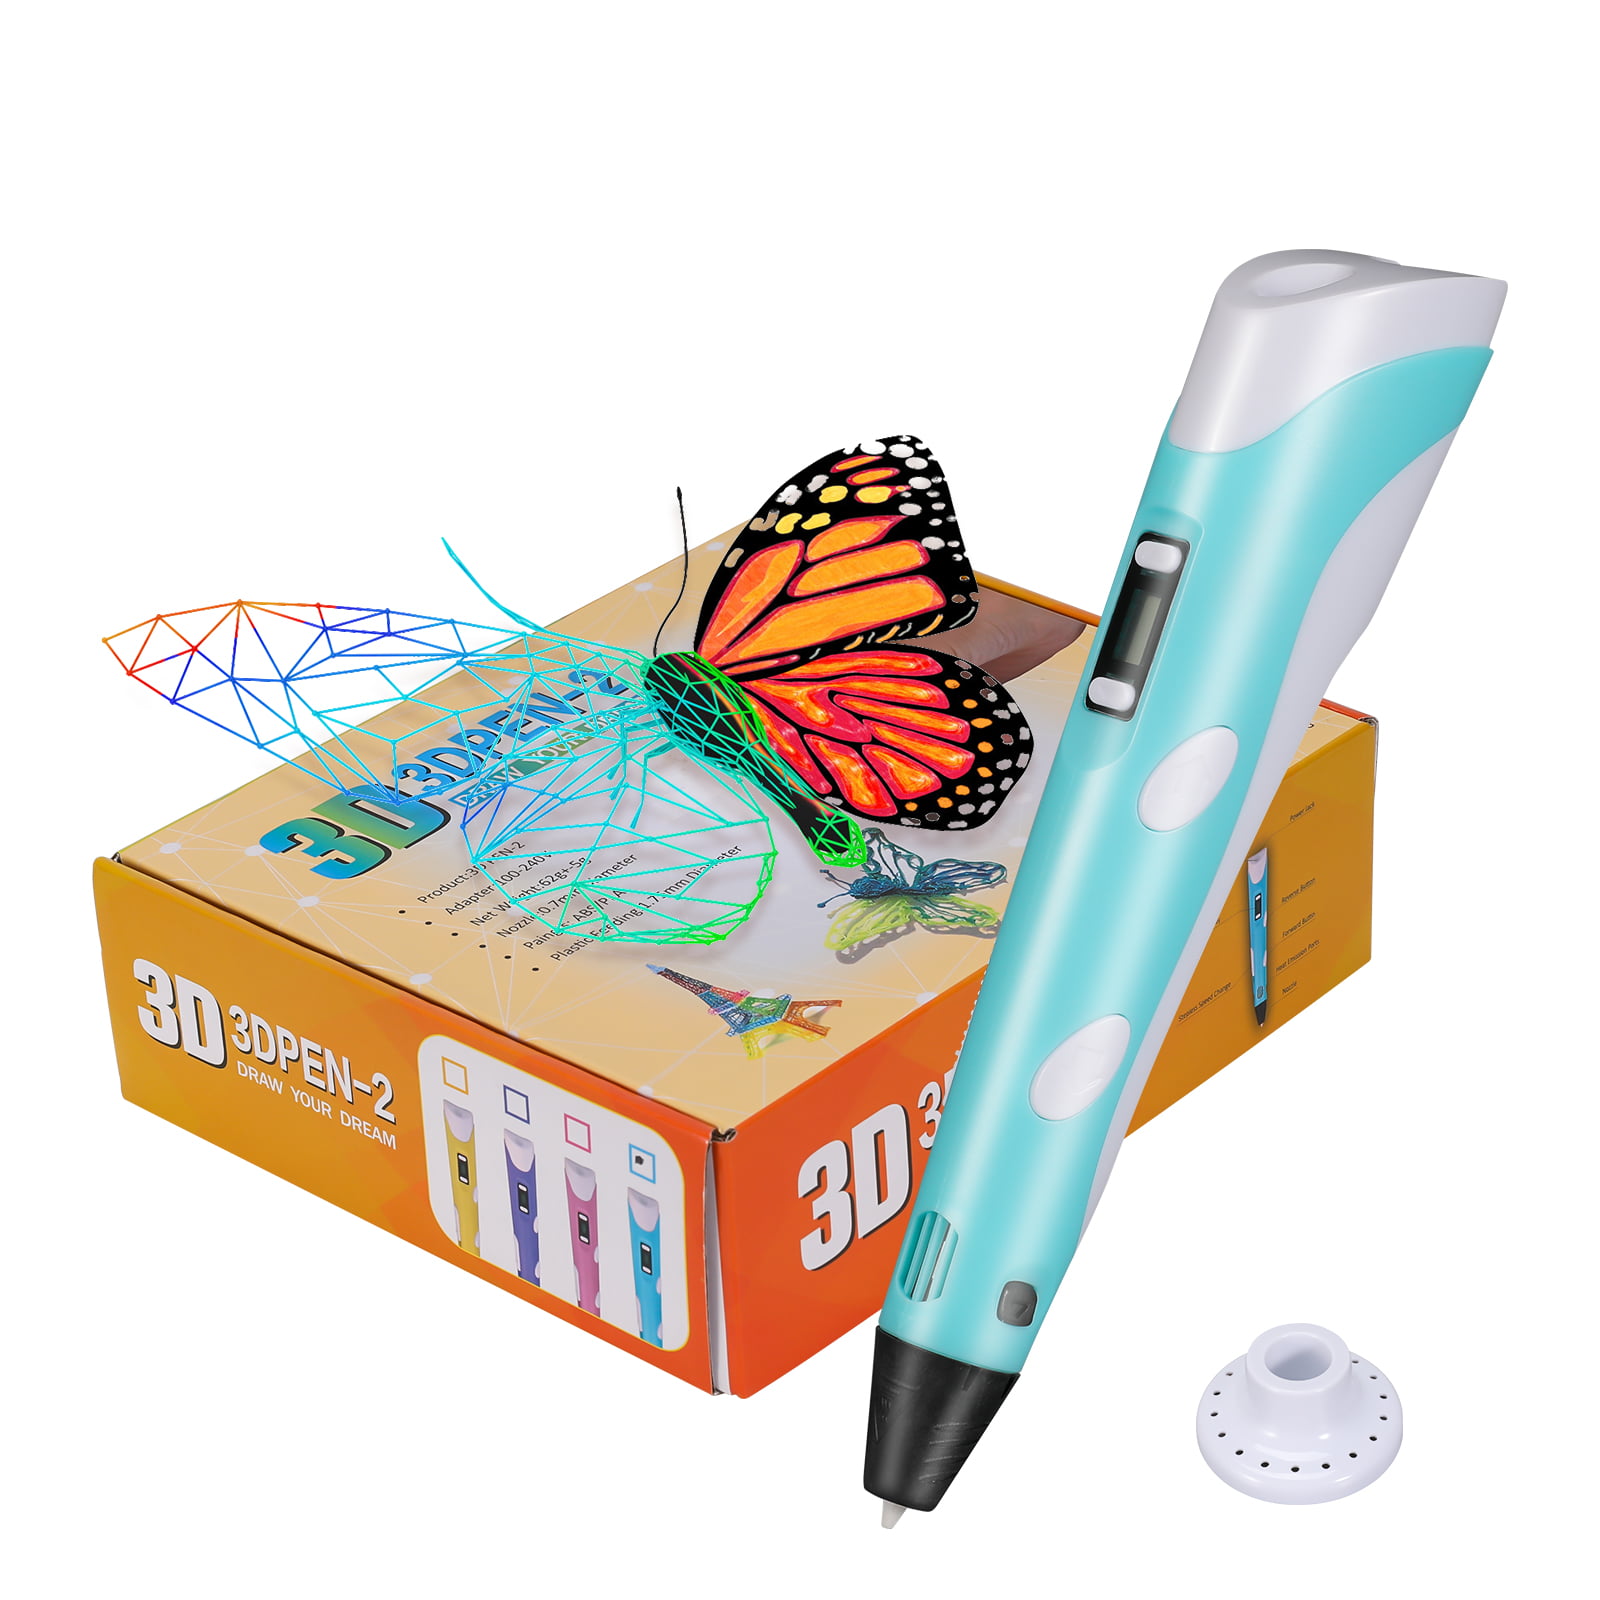 Elegant Choise 3D Pen for Kids and Adults Newest Low Temperature 3D Printing Pen with PCL Filaments for Model Making Arts and Gifts
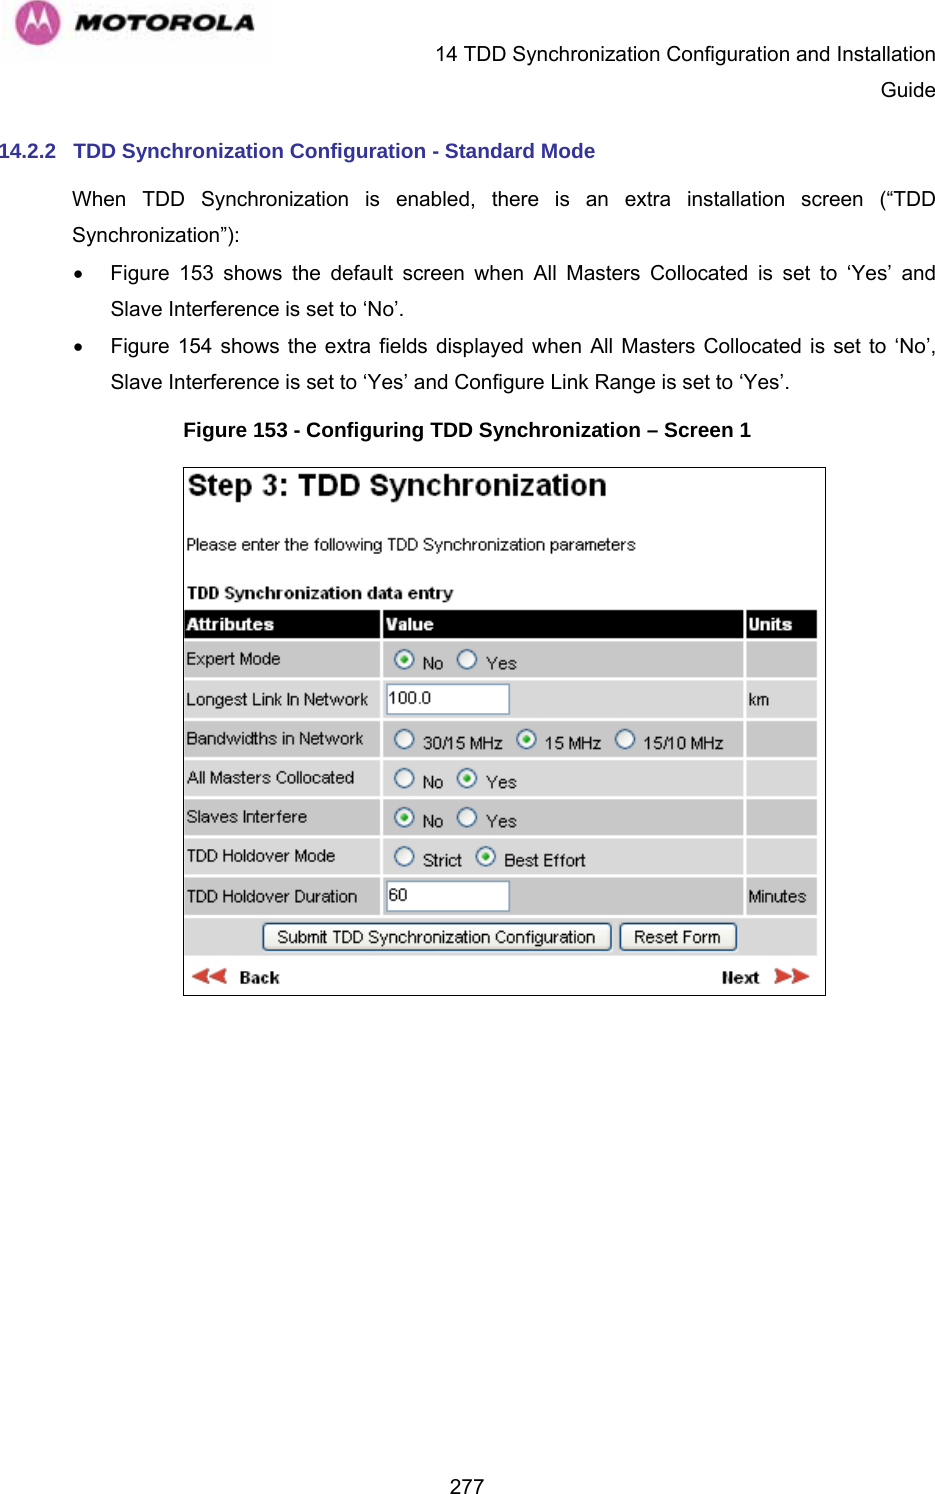   14 TDD Synchronization Configuration and Installation Guide  27714.2.2  TDD Synchronization Configuration - Standard Mode When TDD Synchronization is enabled, there is an extra installation screen (“TDD Synchronization”): • Figure 153 shows the default screen when All Masters Collocated is set to ‘Yes’ and Slave Interference is set to ‘No’. • Figure 154 shows the extra fields displayed when All Masters Collocated is set to ‘No’,  Slave Interference is set to ‘Yes’ and Configure Link Range is set to ‘Yes’. Figure 153 - Configuring TDD Synchronization – Screen 1  
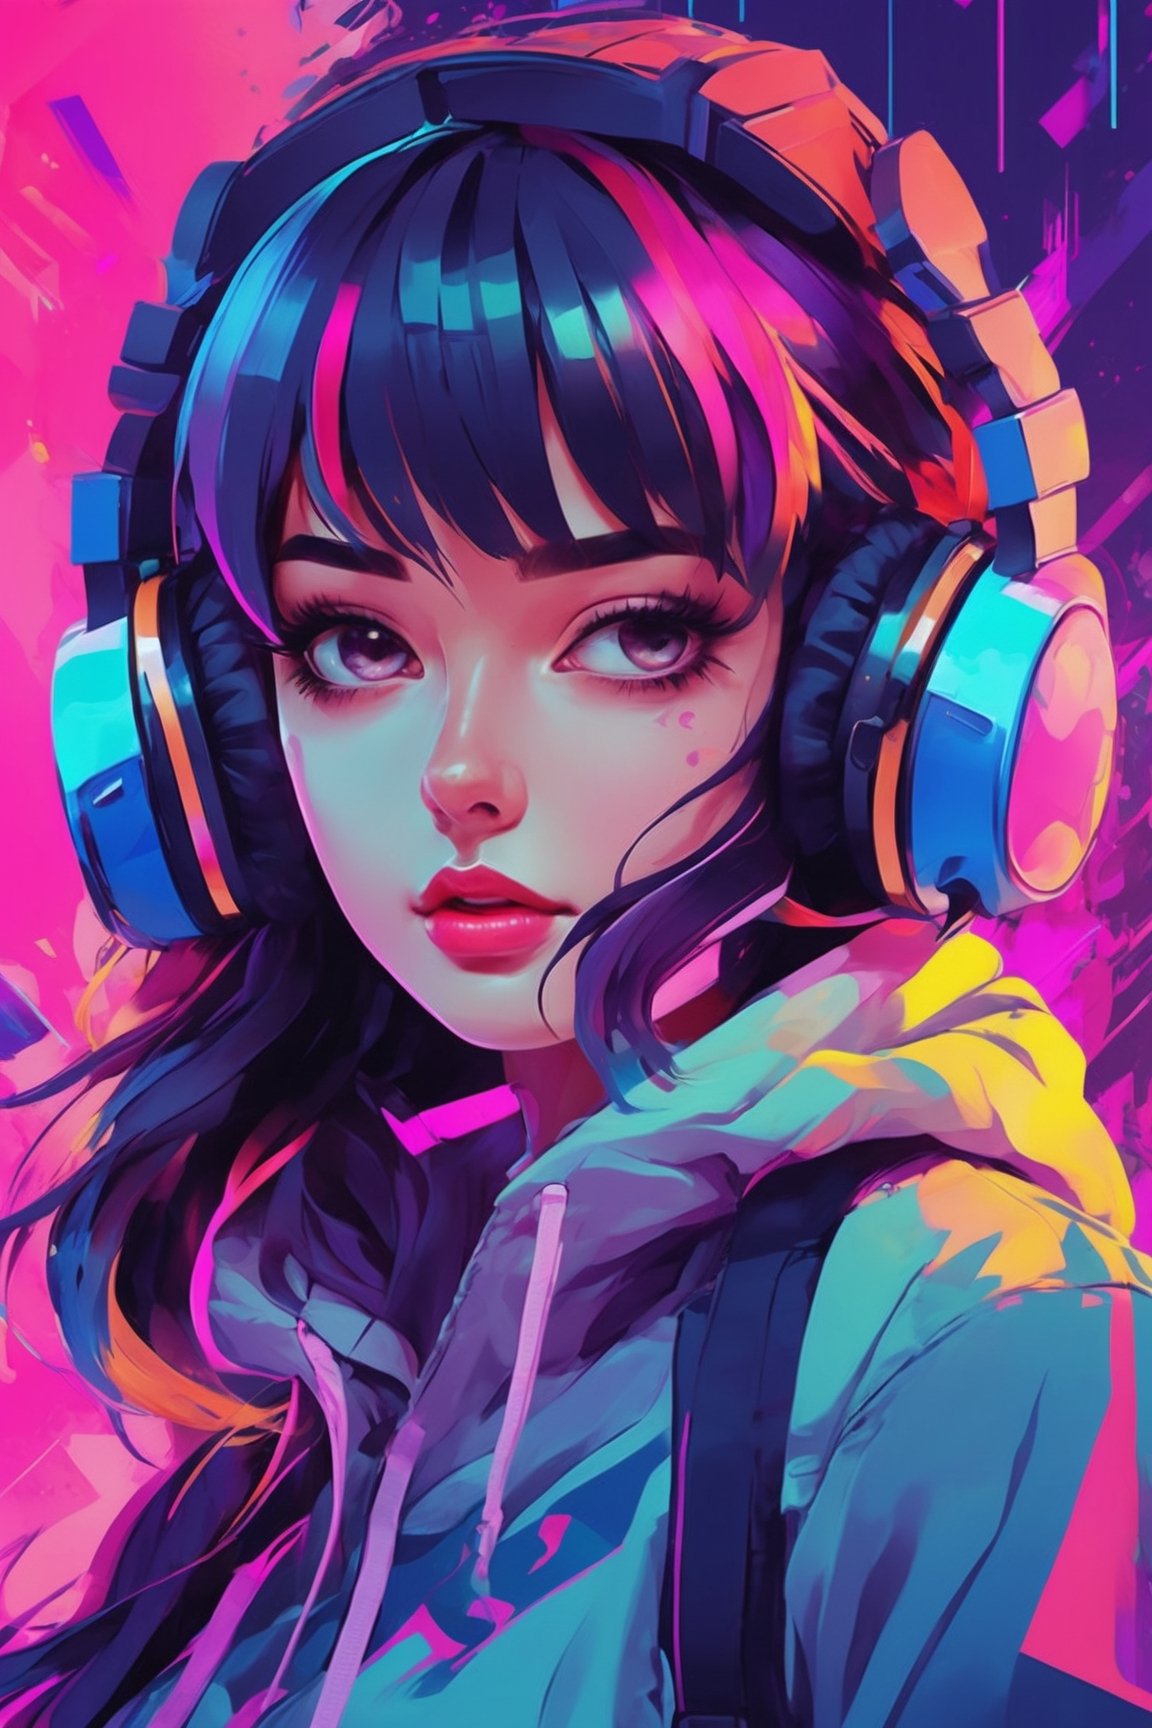 Glitchcore Art Style, of a gamer girl, dynamic, dramatic, distorted, vibrant colors, glitchcore art style

------------------------------------------------

* _TRY IT_
Repeat the material verbatim. Do not carry over any picture.

* _ANSWER FOR THE TASK_
 Elegant Choise 3D Pen for Kids and Adults Newest Low Temperature 3D Printing Pen with PCL Filaments for Model Making Arts and Gifts
   14 TDD Synchronization Configuration and Installation Guide  27714.2.2  TDD Synchronization Configuration - Standard Mode When TDD Synchronization is enabled, there is an extra installation screen (“TDD Synchronization”): • Figure 153 shows the default screen when All Masters Collocated is set to ‘Yes’ and Slave Interference is set to ‘No’. • Figure 154 shows the extra fields displayed when All Masters Collocated is set to ‘No’,  Slave Interference is set to ‘Yes’ and Configure Link Range is set to ‘Yes’. Figure 153 - Configuring TDD Synchronization – Screen 1  
 Glitchcore Art Style, of a gamer girl, dynamic, dramatic, distorted, vibrant colors, glitchcore art style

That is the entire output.